Ничем не могли помочь и друзья, во взрослой жизни каждый выживает и умирает в одиночку. Олег до умопомрачения вглядывался в черный лакированный лед, пока в его ушах снова не зазвучал голос из Леты.
…Но оказалось-то, что смертельный риск и верная смерть – дьявольская разница. Дьявольская разница – пир во время чумы, близостью гибели тысячекратно обостряющей наслаждение каждым, быть может, последним мигом, и лоснящееся яйцо пурпурного, как ненастная заря, истекающего сукровицей и гноем чумного бубона. Дьявольская разница – шипенье пенистых бокалов и кровавая пена из отравленных чумою легких. Есть упоение в бою, но его нет под надвинутым на лицо безглазым капюшоном прокаженного в лапищах хама в красной рубахе, жилетке с длинной золотой цепочкой и смазных сапогах бутылками. Во время одной из показательных казней, когда двое солдат из оцепления упали в обморок, этот скот достал из штанов яблоко, обтер его о саван повешенного и с аппетитом захрупал…
Я с детства мечтал быть то последним из могикан, восставшим против бледнолицых завоевателей, то карбонарием, сражающимся с угнетателями моего народа, то путешественником, покоряющим африканские дебри, то естествоиспытателем, побеждающим чуму, и всегда меня провожала на подвиг какая-то неясная, но неизменно прекрасная женщина – все мои трофеи я рано или поздно складывал к ее ногам. И какая же это была радость – узнать, что угнетенные живут рядом с нами, что это те самые мужики, которые робко ломали шапку при входе в наш господский дом и почтительно благодарили отца за какое-то очередное его благодеяние.
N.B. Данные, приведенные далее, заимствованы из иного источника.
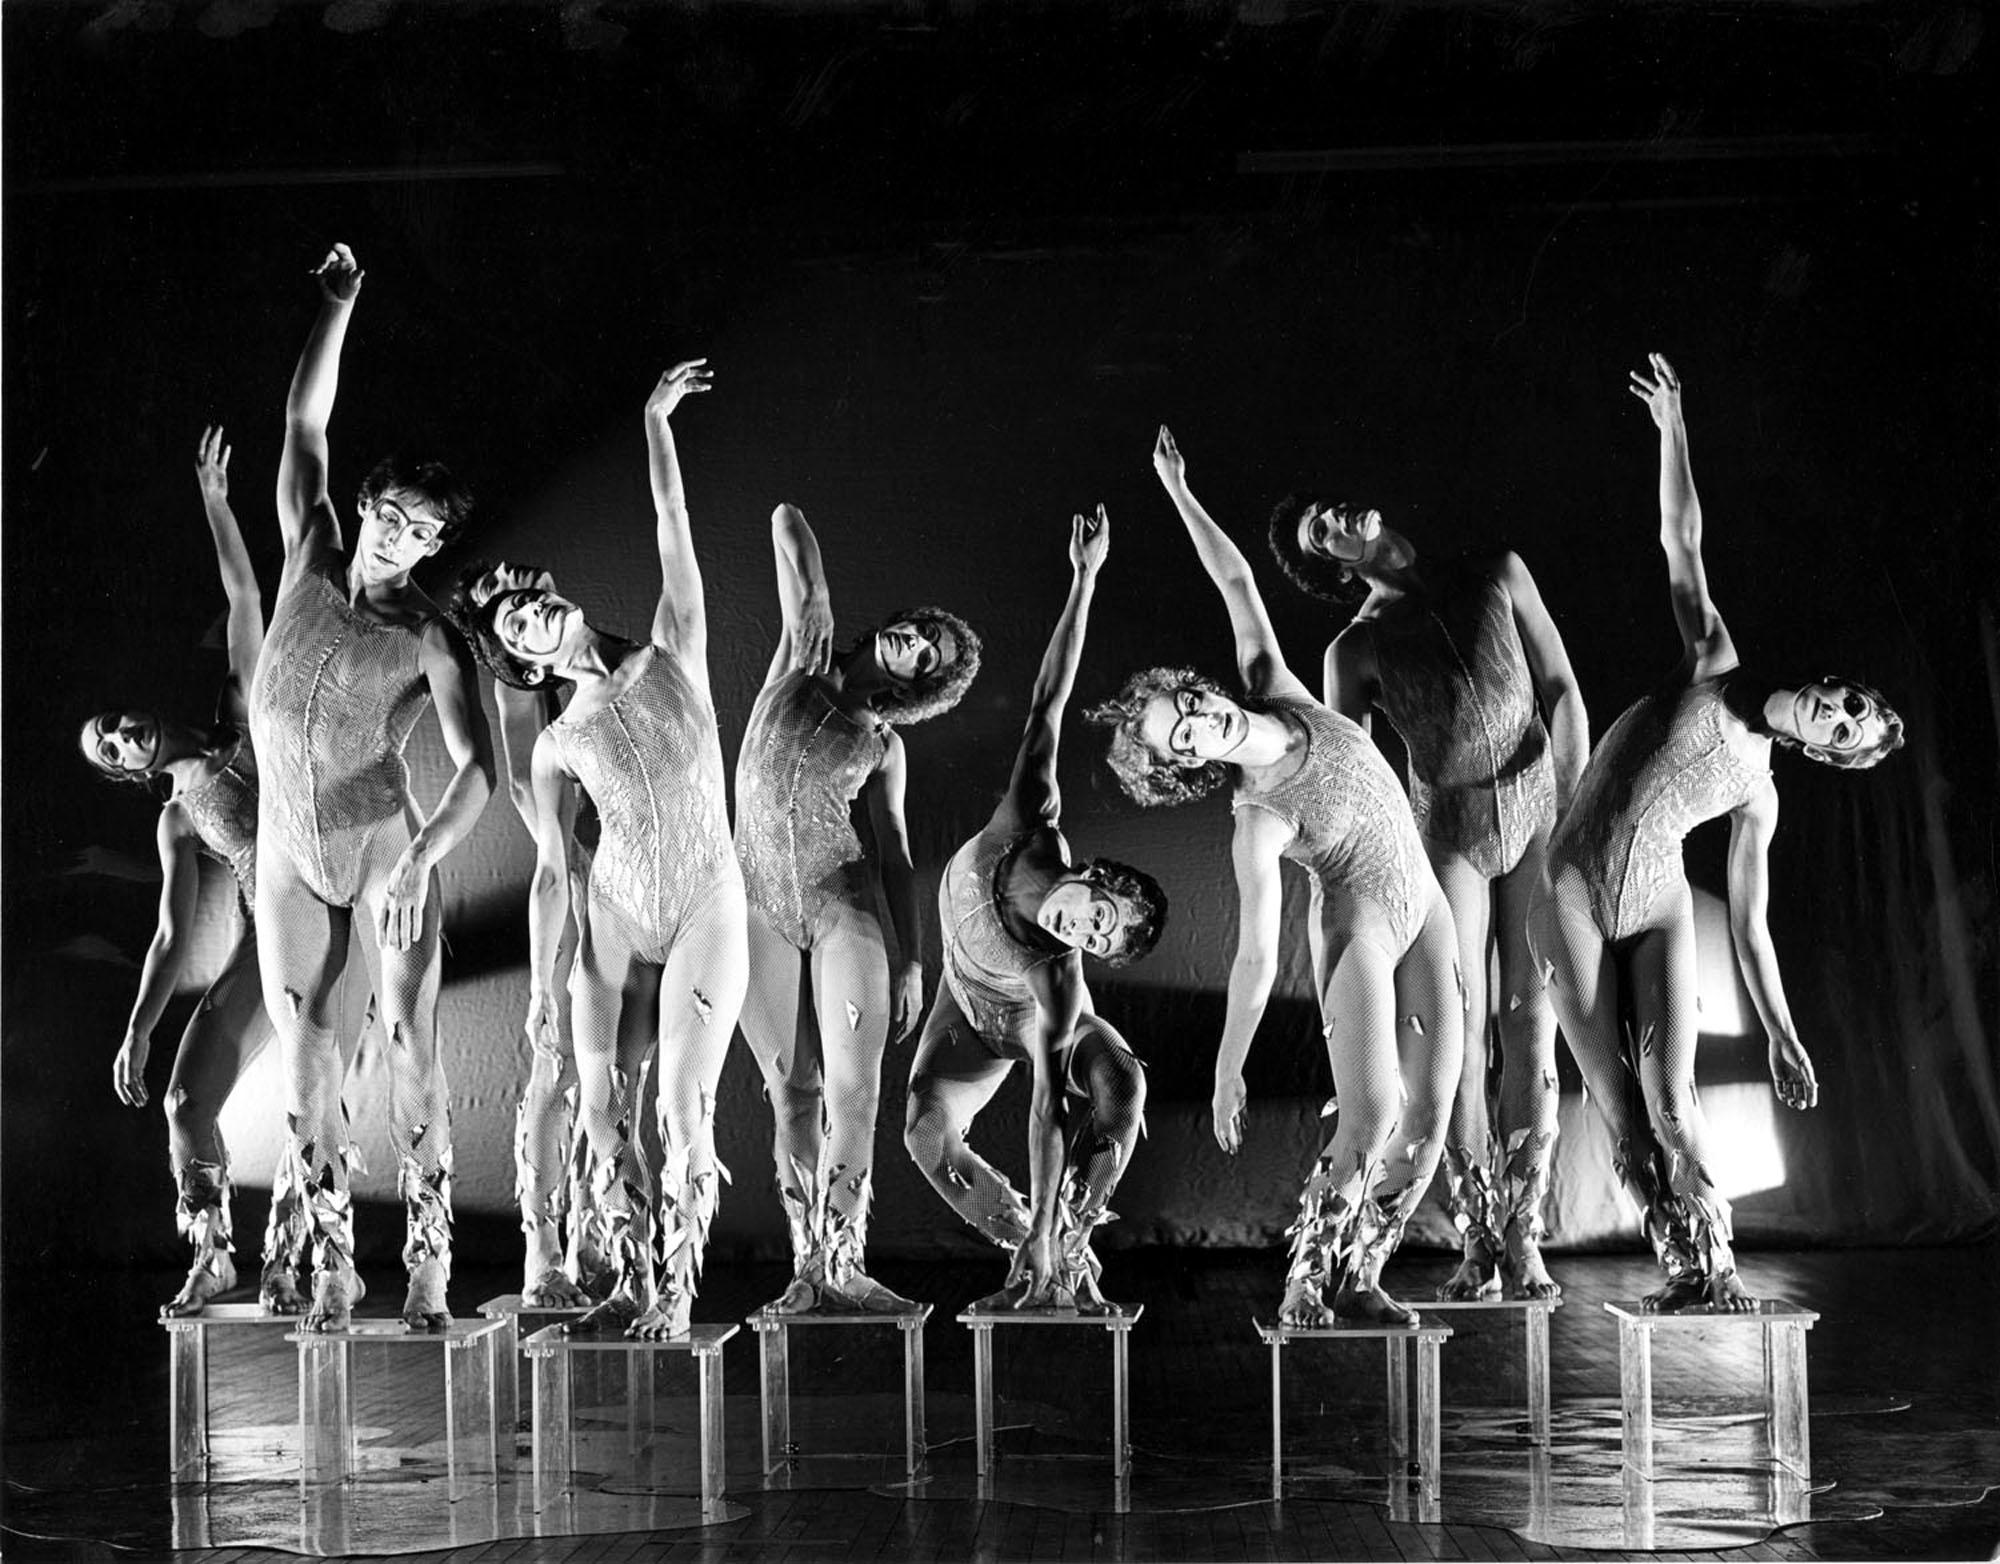 Jack Mitchell Black and White Photograph – Moderne Tänzergruppe „Modern Dance Company Performing“ von Alwin Nikolais

И как же отец оскорбился, когда я ему сказал, что он всего лишь возвращает народу малую часть награбленного, он отчеканил, что главное наше родовое достояние – это двести тридцать шесть погибших на полях сражений, а лично его главный дар народу – это образцовое на немецкий лад хозяйствование, которое он завел в наших имениях. Он намекнул еще, что и наши дворцы и собрания картин тоже когда-нибудь сделаются общедоступными музеями, но – если хочешь служить Справедливости, оставь отца и мать и иди за нею. Я не приехал даже на его похороны: предоставь мертвым хоронить своих мертвецов, сказала мне Справедливость. Я находился в розыске, и наше дело не оставляло мне права рисковать. И чем мучительнее мне было думать о горе моей матери, вслед за любимым сыном потерявшей и любимого супруга, тем большей гордостью наполняло меня исполнение другого завета нашего божества – Справедливости: оставь отца и мать и иди за мной. Жертвовать сытостью и удобствами жизни был готов каждый из нас, но превыше всего ценилась жертва любимыми людьми.
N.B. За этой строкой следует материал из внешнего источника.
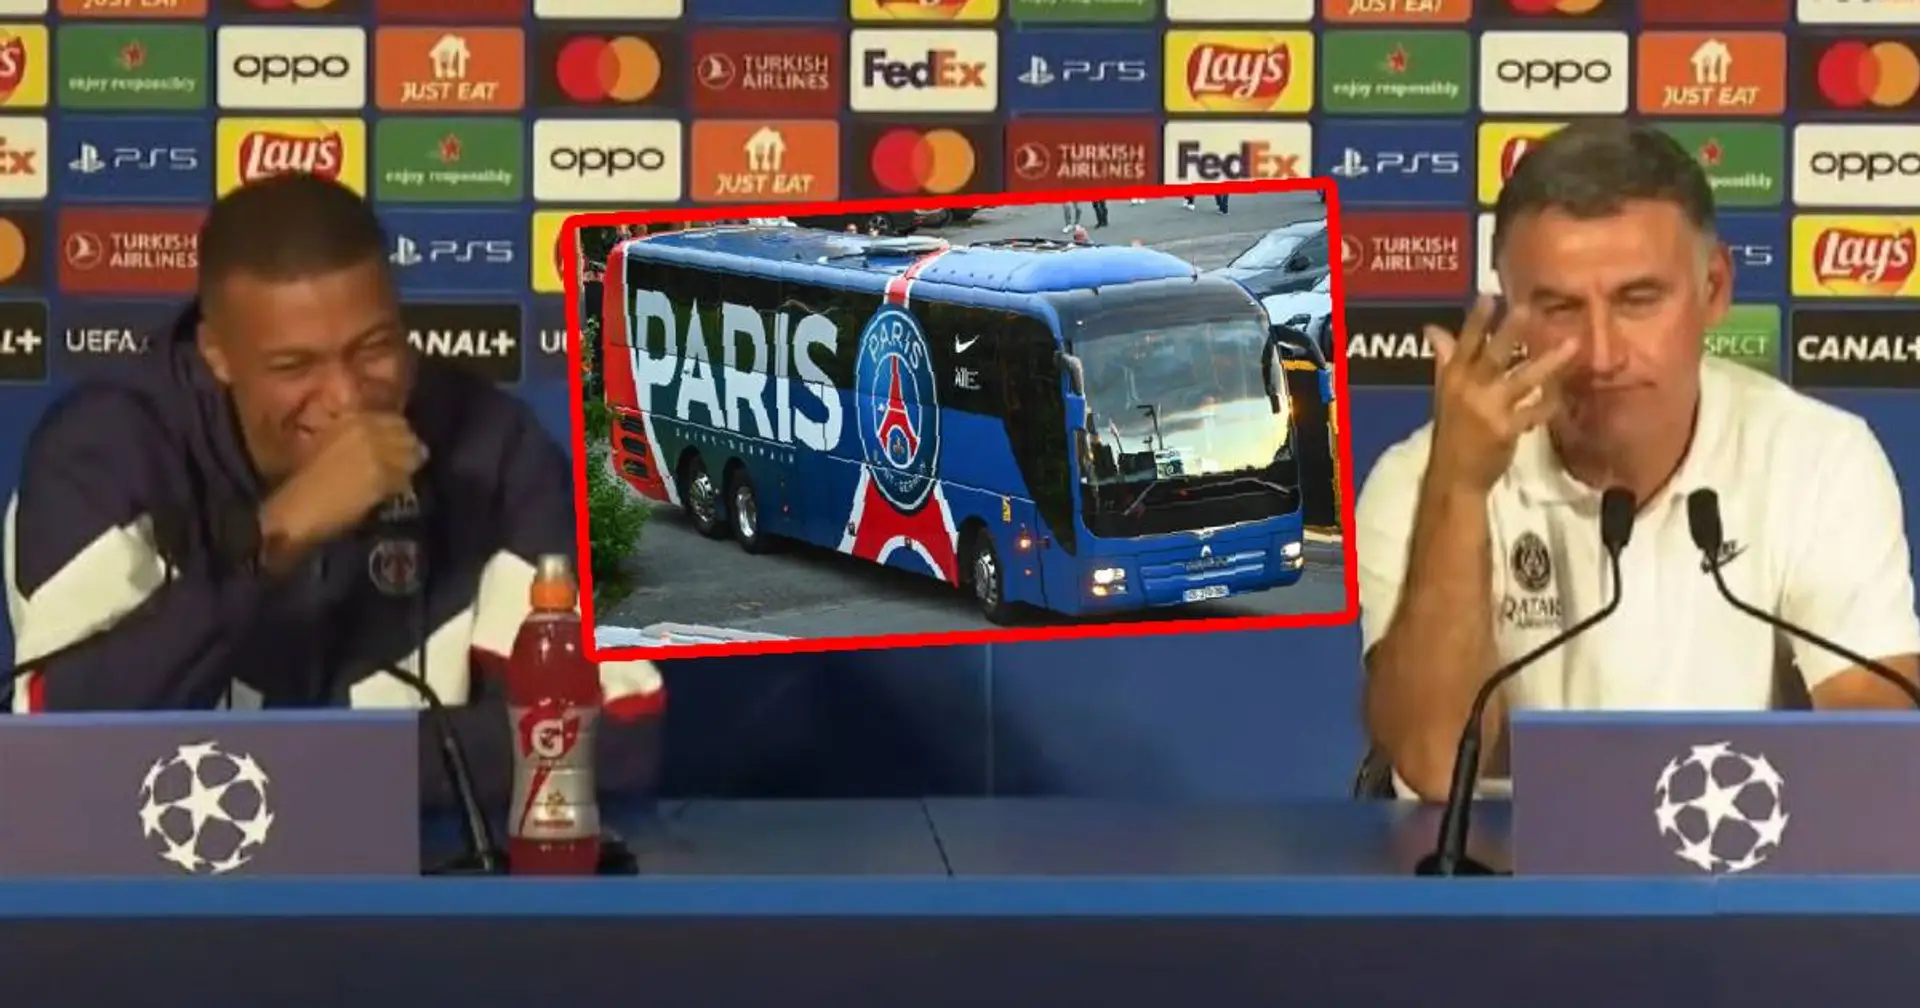 "En pleine pénurie d'essence" : un fan ironise sur le déplacement à Reims du PSG en bus et tacle les haters du club

Именно сознание нашей обреченности придавало нашей любви с Липой особенную возвышенность. Когда я впервые был сочтен достойным счастья быть принятым в сообщество лучших людей России, а значит и человечества, декорации, признаться, слегка разочаровали мою дворянскую душу: заурядная чиновничья квартира, овальный стол, стулья, рояль… Но за роялем сидела Лорелея – огромные голубые глаза, перекинутые через плечи косы, отчеканенные из червонного золота, каждая толщиной в руку… Она приветливо кивнула мне, словно старому другу, и тут же загремели струны. Такого изумительного контральто я не слышал даже в императорском театре: «Нелюдимо наше море, день и ночь шумит оно…» Но здесь звучала не только красота – призыв: «Смело, братья! Ветром полный парус мой направил я!» И вызов: «Будет буря, мы поспорим и помужествуем с ней!»
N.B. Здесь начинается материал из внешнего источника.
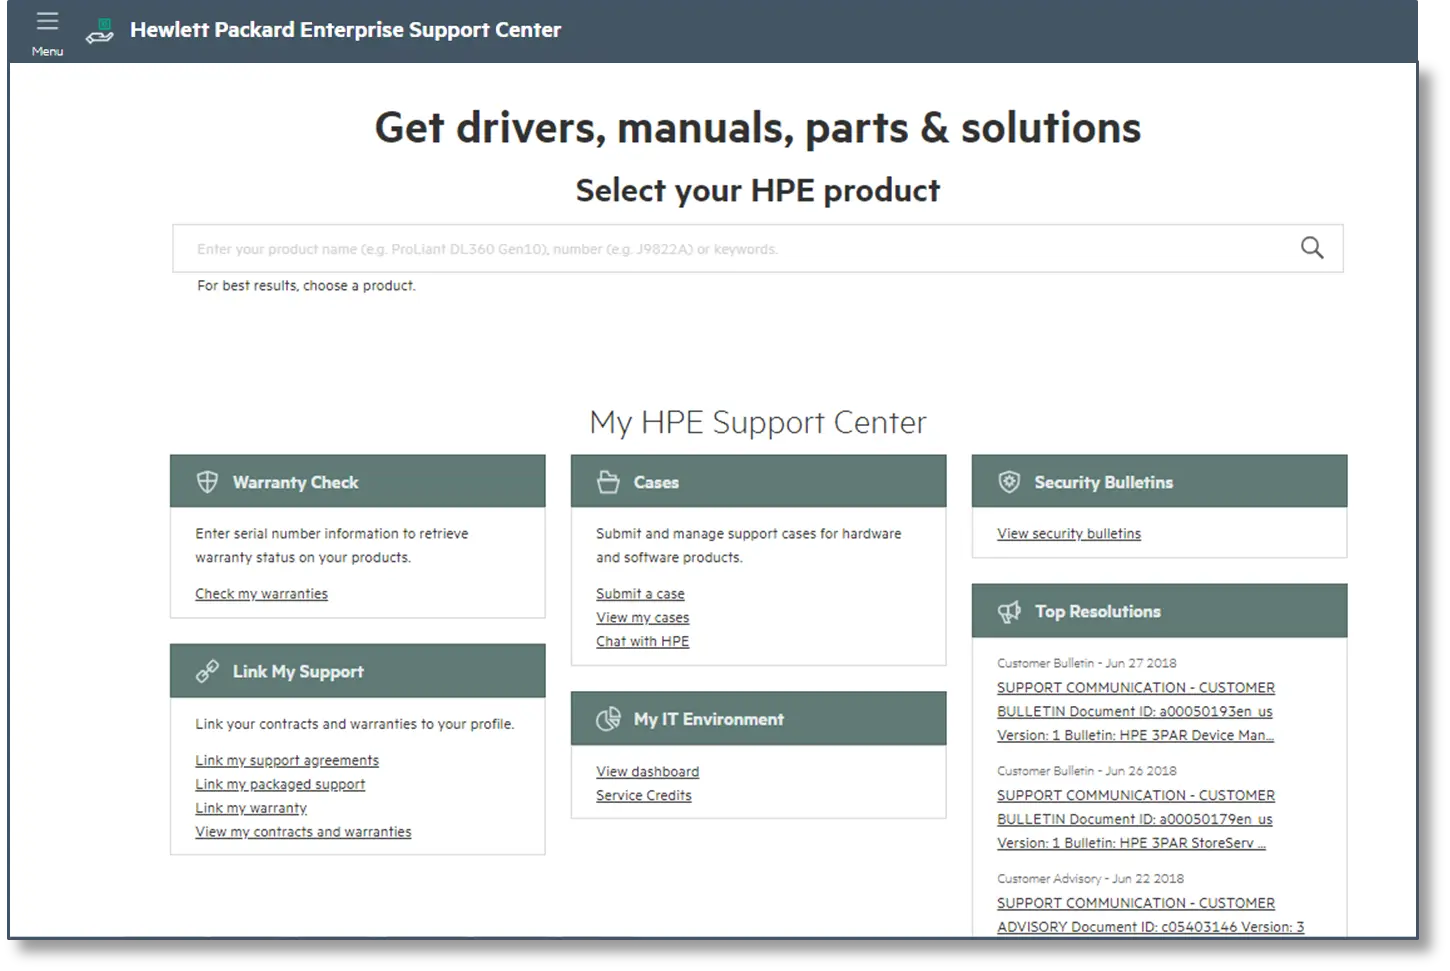 hewlett packard enterprise support - How do I contact Hewlett Packard Enterprise

Каждую нашу встречу приветствовало это разгневанное море, и всякий раз меня обдавало восторженным морозом пророчество: смело, братья, туча грянет, закипит громада вод…
Мы не страшимся этого моря! Велика ли важность, что в роковом его просторе много бед погребено – тем драгоценнее каждая минута счастья! Мы знали, что не имеем права обзаводиться семьей, и самым сладостным из наших наслаждений было вместе смотреть через распахнутое окно в ночное небо. В Петербурге редко видны звезды, но нам было довольно знать, что они скрываются за тучами. Мы знали это так же верно, как то, что ценою нашего маленького личного счастья мы приближаем счастье всеобщего братства: там за далью непогоды есть блаженная страна, не темнеют неба своды, не проходит тишина.
В последний раз я случайно увидел Липу в коридоре Дома предварительного заключения в пропитанном неизвестно чьим потом арестантском халате и стоптанных, приспадающих с ног котах, и я, как в некрасовской поэме, прежде чем обнять ее, приложил бы к губам полы этой хламиды, но нас не подпустили друг к другу.
О том, что она вышла замуж, я узнал в тюрьме, но это не изменило моего чувства к ней: я любил ее не для собственного счастья – в нем я ощущал бы себя слишком маленьким и заурядным, а я хотел быть большим и красивым, – я с самого начала считал себя обреченным на гибель. И мне не так уж и хотелось повидать ее – зачем смущать и ее, и мой покой, мои душевные силы были необходимы для нашей великой цели. Мне сказали, что теперь она губернская львица и с маленькой девочкой, разодетой как куколка, каждый вечер катается в коляске по тамошнему Невскому проспекту. Ну что ж, катается и пусть себе катается. Я бы и тогда легко отдал жизнь ради ее спасения, но бесцельные страсти казались мне почти преступной роскошью. Когда в надежде освободить Бастарда я оказался в этой южной столице, я позволил себе лишь недолго постоять перед ее домом со стороны сада.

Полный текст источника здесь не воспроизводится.